ASSIGNMENT: From the line with "Lundin Gold Closes" to the line with "clark ppx 20", retype each line exactly as it stands in the records below, but skip the pictures.

SOURCE RECORDS:
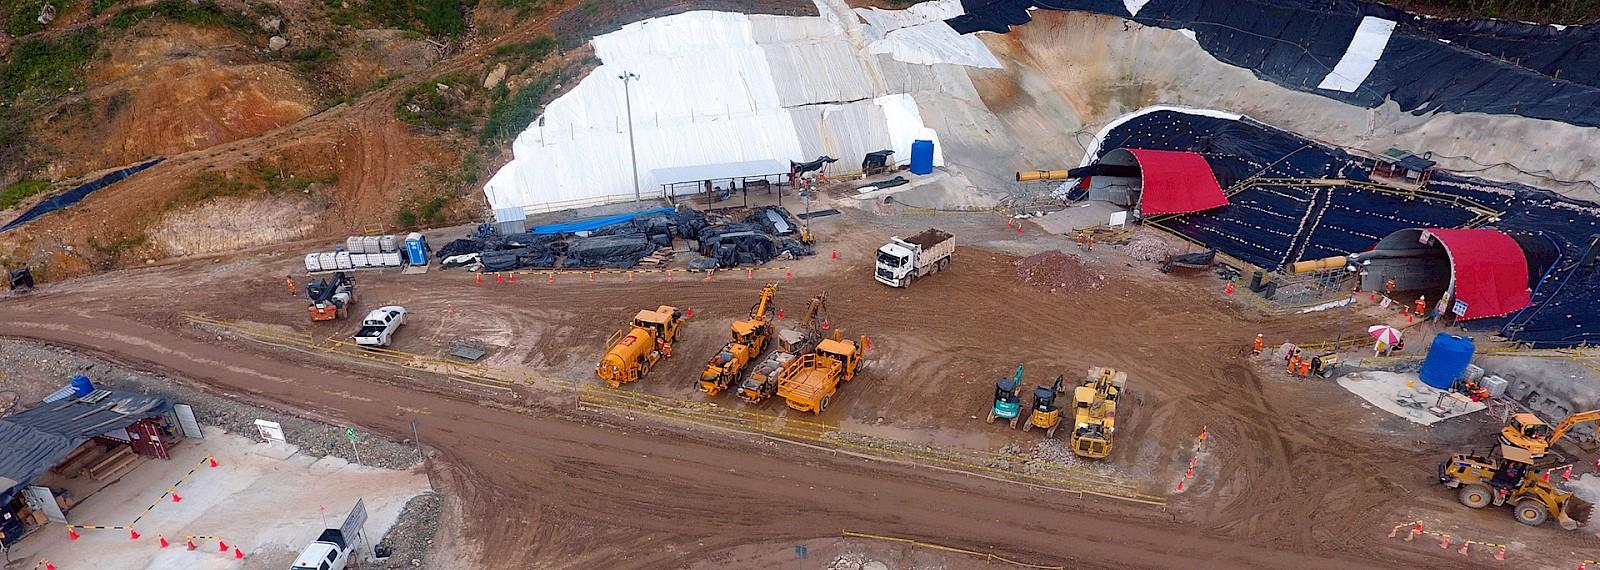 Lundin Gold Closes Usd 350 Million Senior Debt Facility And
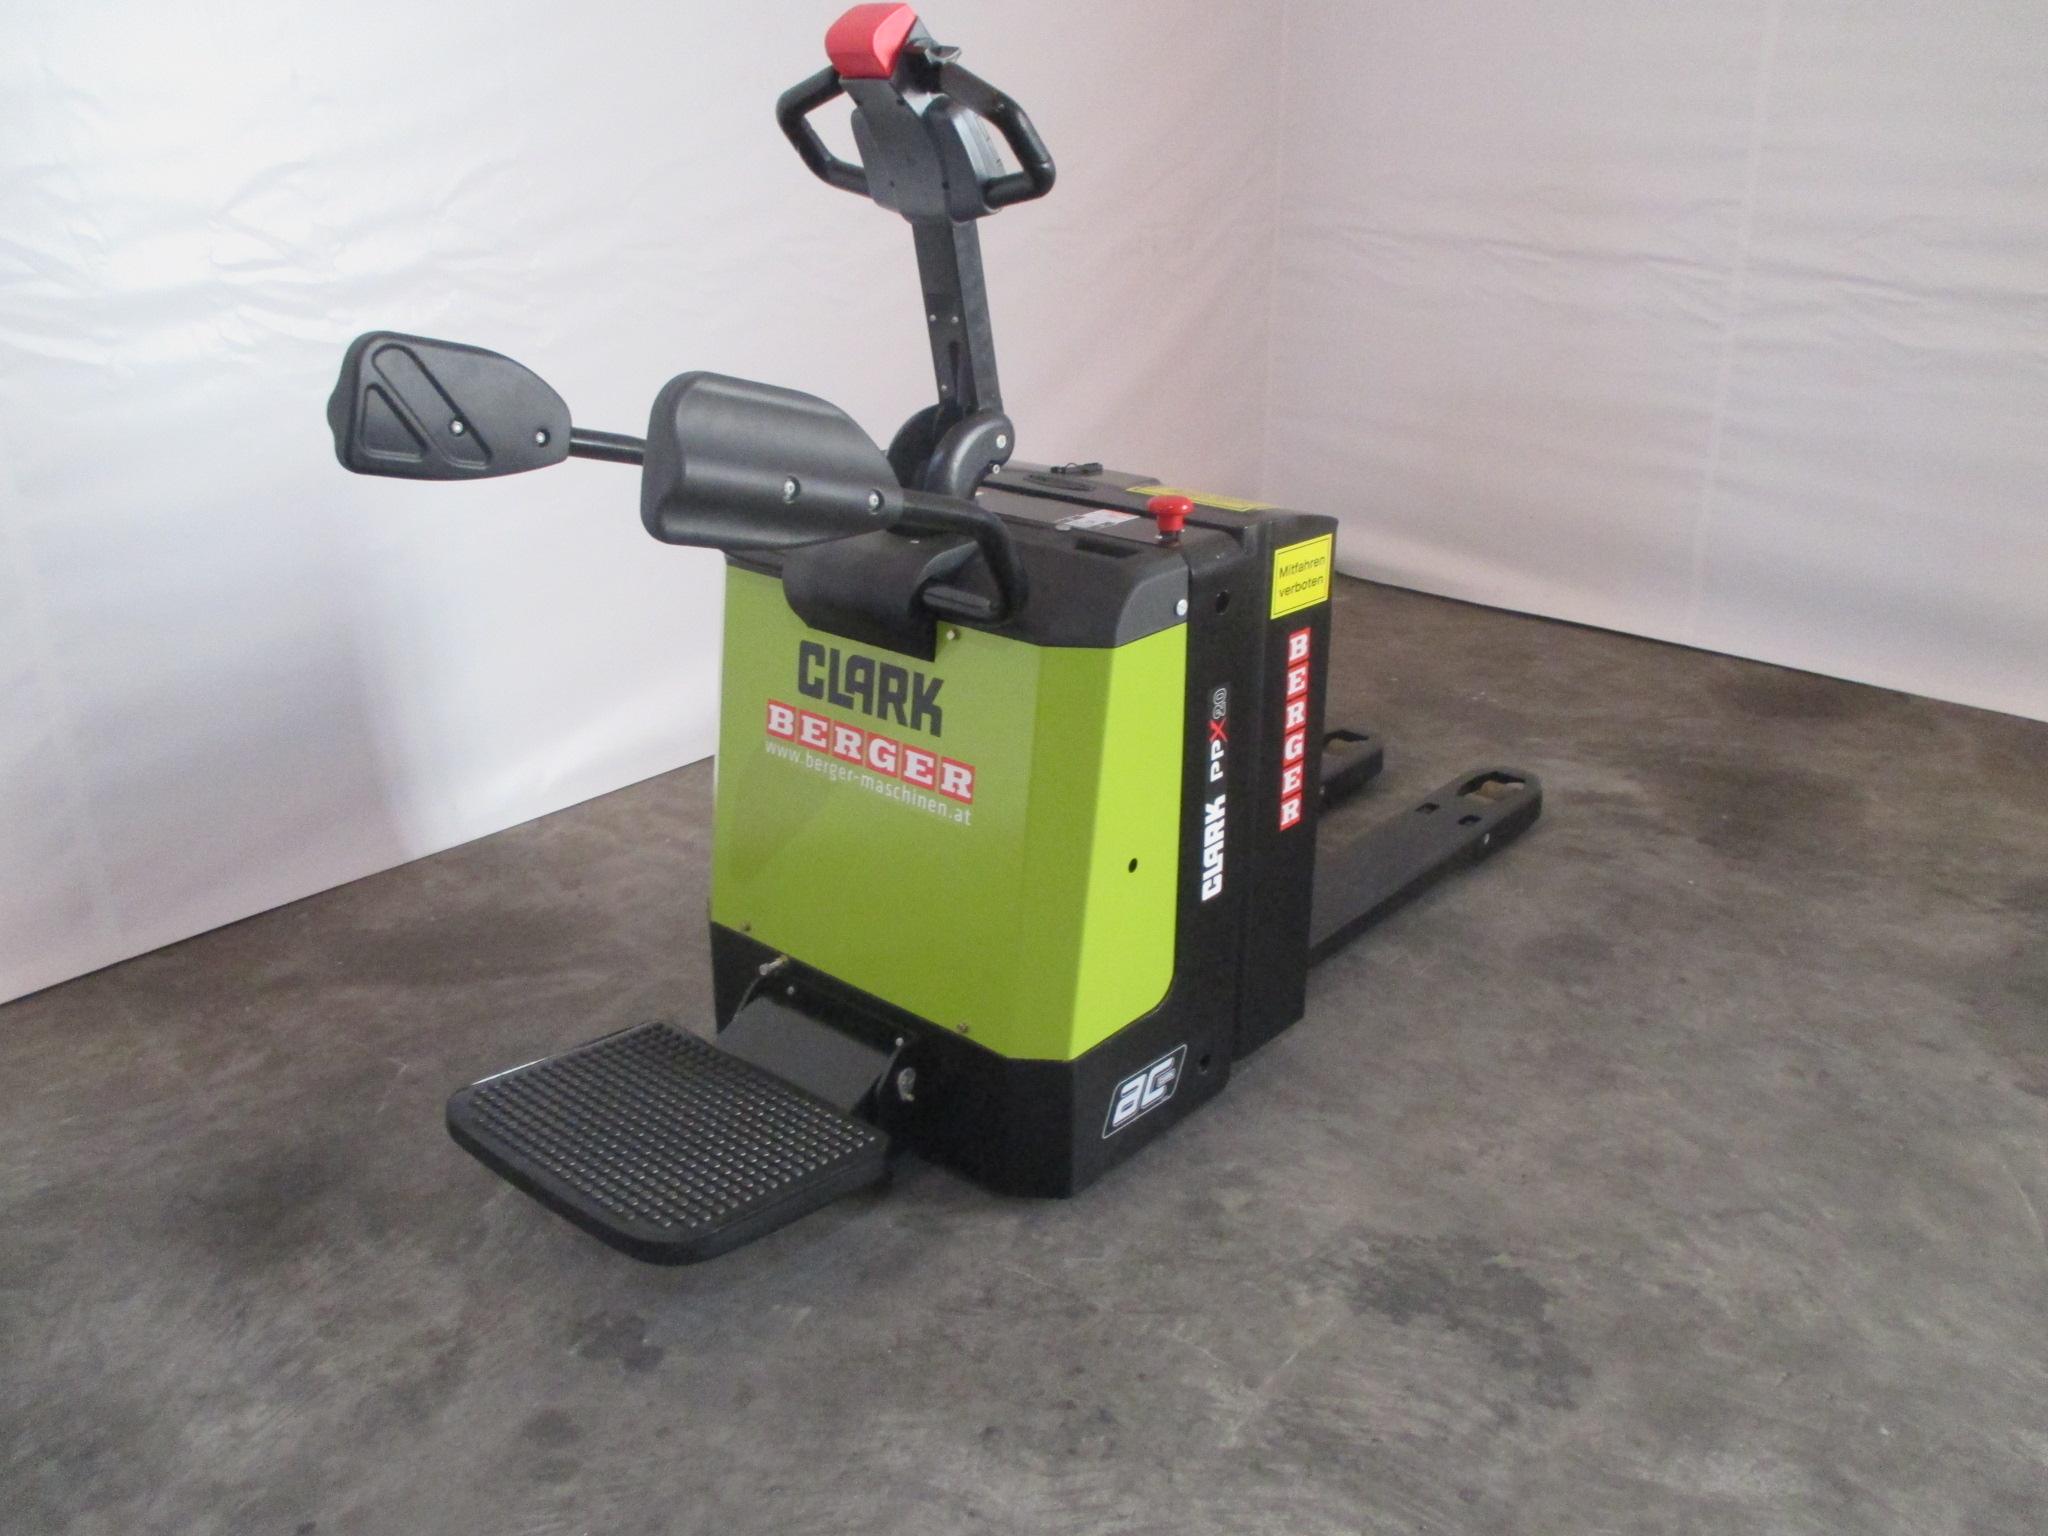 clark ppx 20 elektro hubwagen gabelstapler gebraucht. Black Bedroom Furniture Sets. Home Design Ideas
==
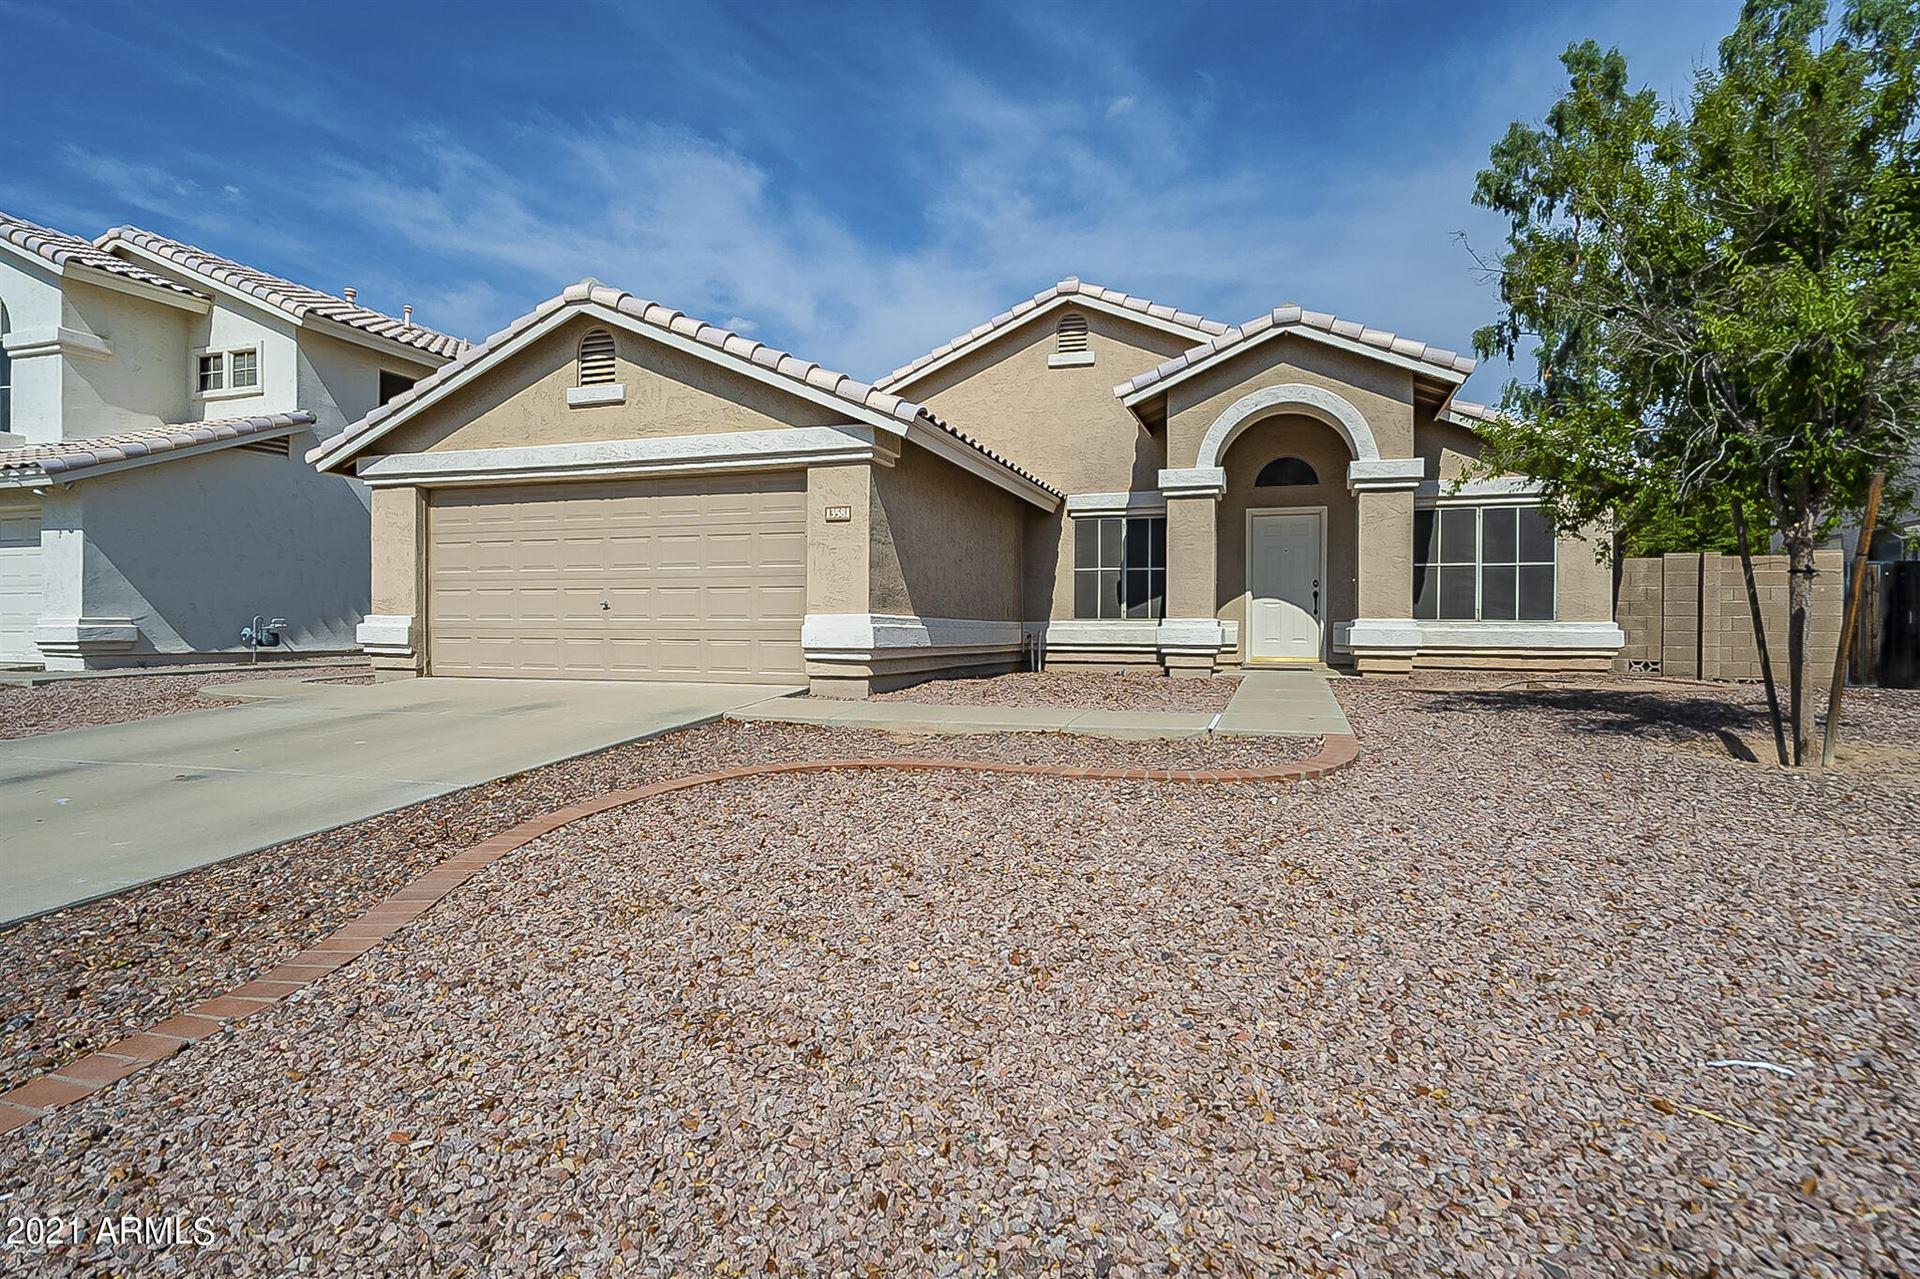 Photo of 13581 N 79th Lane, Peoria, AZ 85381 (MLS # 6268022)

SOLUTION TO THIS TASK:
 Lundin Gold Closes Usd 350 Million Senior Debt Facility And
 clark ppx 20 elektro hubwagen gabelstapler gebraucht. Black Bedroom Furniture Sets. Home Design Ideas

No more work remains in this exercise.